Robin Gupta: The new book is about the aftermath of the British Raj in Delhi and how the old families slowly got destroyed, the kind of eccentricities and lifestyles and so on. It will be a mirror to the way all of us lived and the strong point about that time was that nobody talked about communalism or religion. People were deeply interested in art, in music and in the fine arts and dance, in good friendship and cheer. Communalism and religious hatred were not a part of our social fabric at all. These are all families left behind by the British Raj, who had the similar education and similar childhood and the kind of life as it used to be in Lutyens’ Delhi. 

The Punch: Are you filled with a sense of loss at the world which has disappeared — a world with a specific set of values and compassion?

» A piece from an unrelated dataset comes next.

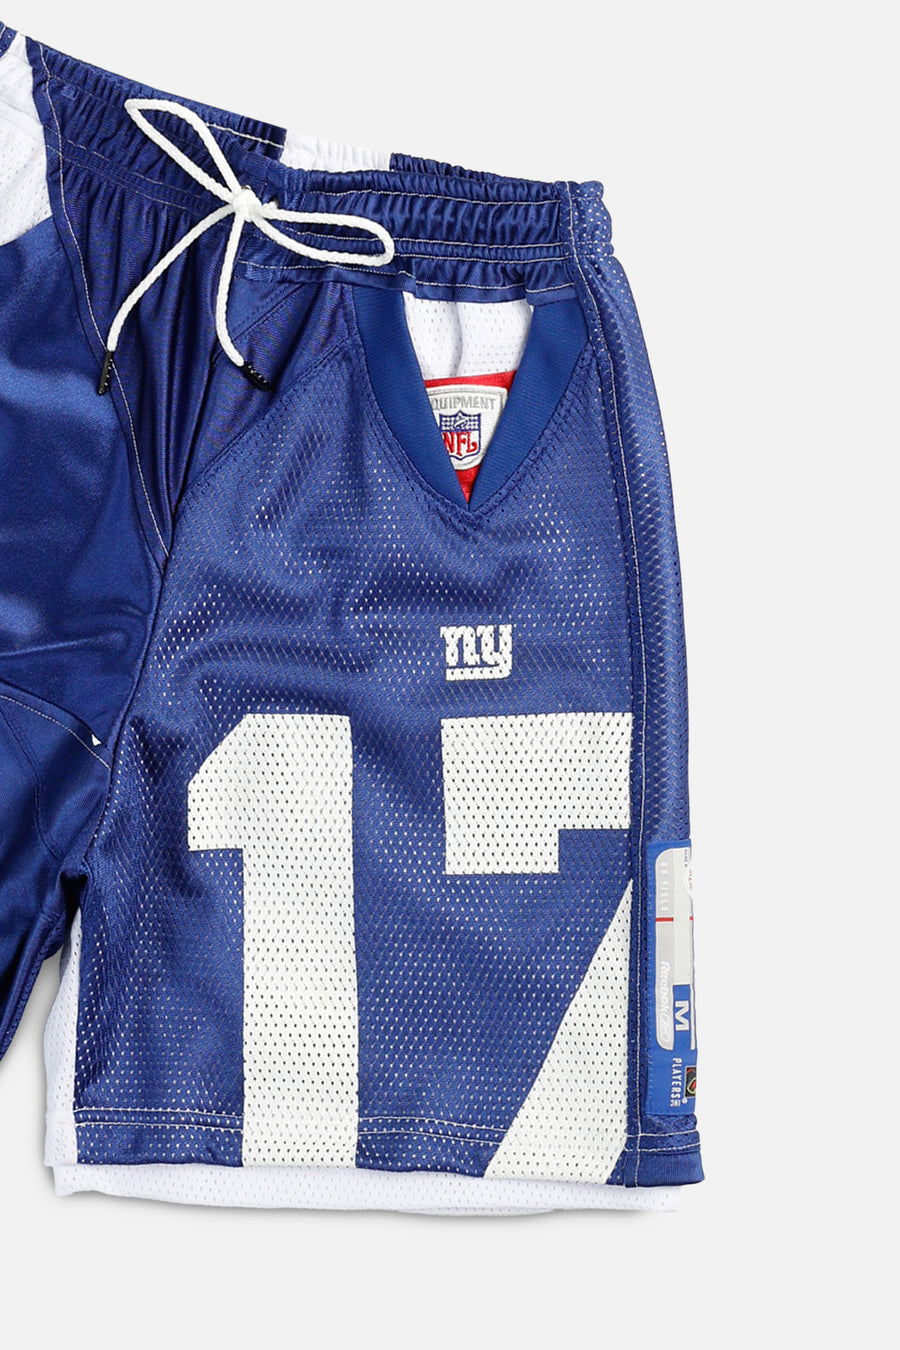 Unisex Rework NY Giants NFL Jersey Shorts - S
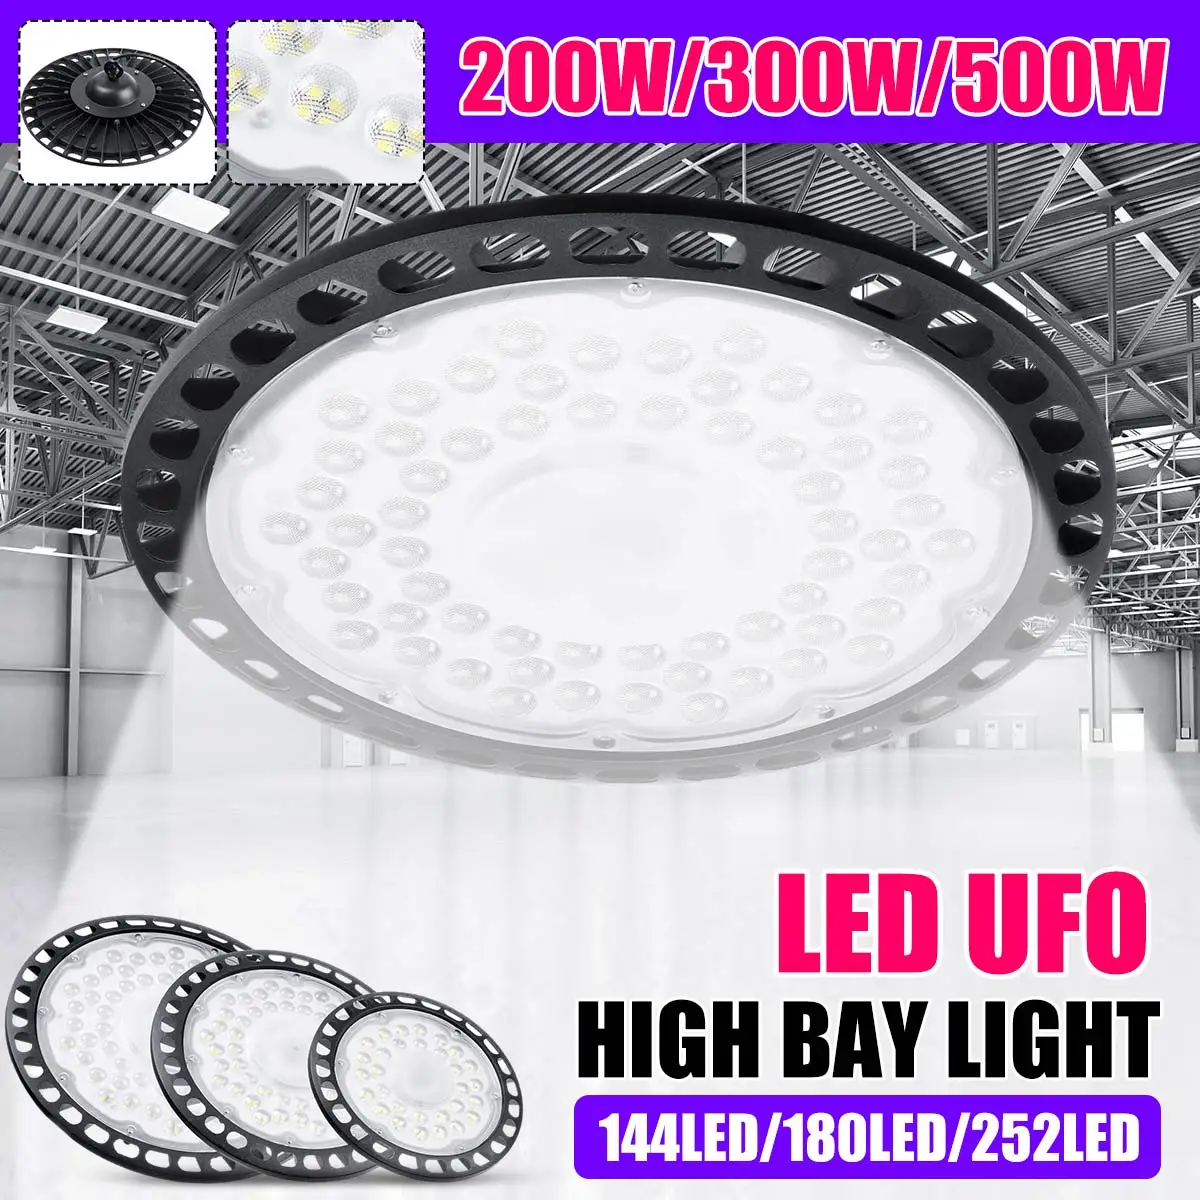 UFO LED High Bay Light 100/200/300/500W Low Bay Warehouse Industrial Light Fedex

Robin Gupta: It was a very graceful world where the cementing force was the arts. Now, when I see the rough edges of hatred, I long for the unity that used to be then. People led lives devoted to music. Singers like Begum Akhtar used to frequent our house. Talks revolved around art, culture, cuisine and good manners. It is a world that has gone away very rapidly. 

The Punch: What sort of literature are you interested in?

Robin Gupta: The Brothers Karamazov by Fyodor Dostoyevsky influenced me a lot. It is about the great stark tragedy of the human condition.  Among poets, I liked Constantine P. Cavafy. Among musicians, Begum Akhtar has been a favourite. 

The Punch: How do you spend your time these days and what are the things you like to do?

Robin Gupta: I teach some poor children — four of them. I work for an NGO called Arpana. I read a lot, write a lot. I’m currently the Principal Advisor of Valley of Words: International Literature and Arts Festival which was held in November in Dehradun. I do a lot of travelling and gardening. I keep miles away from government and politics. 

The Punch: Please share the broader vision behind the Valley of Words: International Arts and Literature Festival. It is believed that the choice of city to hold a literary festival plays a crucial role in its success. Do you ascribe to this view?

Robin Gupta: The Valley Of Words festival has been planned at Dehradun to reach a wide audience with the object of bringing into focus the rare literary talent and artistic expression of Uttarakhand that had been in the shadows of neglect for long years. The festival aims at better dovetailing local talent with the mainstream literary resurgence in India and to make art and creative writing the vehicle for social awareness for the need to change retrogressive mindsets to enable this beautiful part of India to step into the modern age, while drawing from the country’s richly textured history.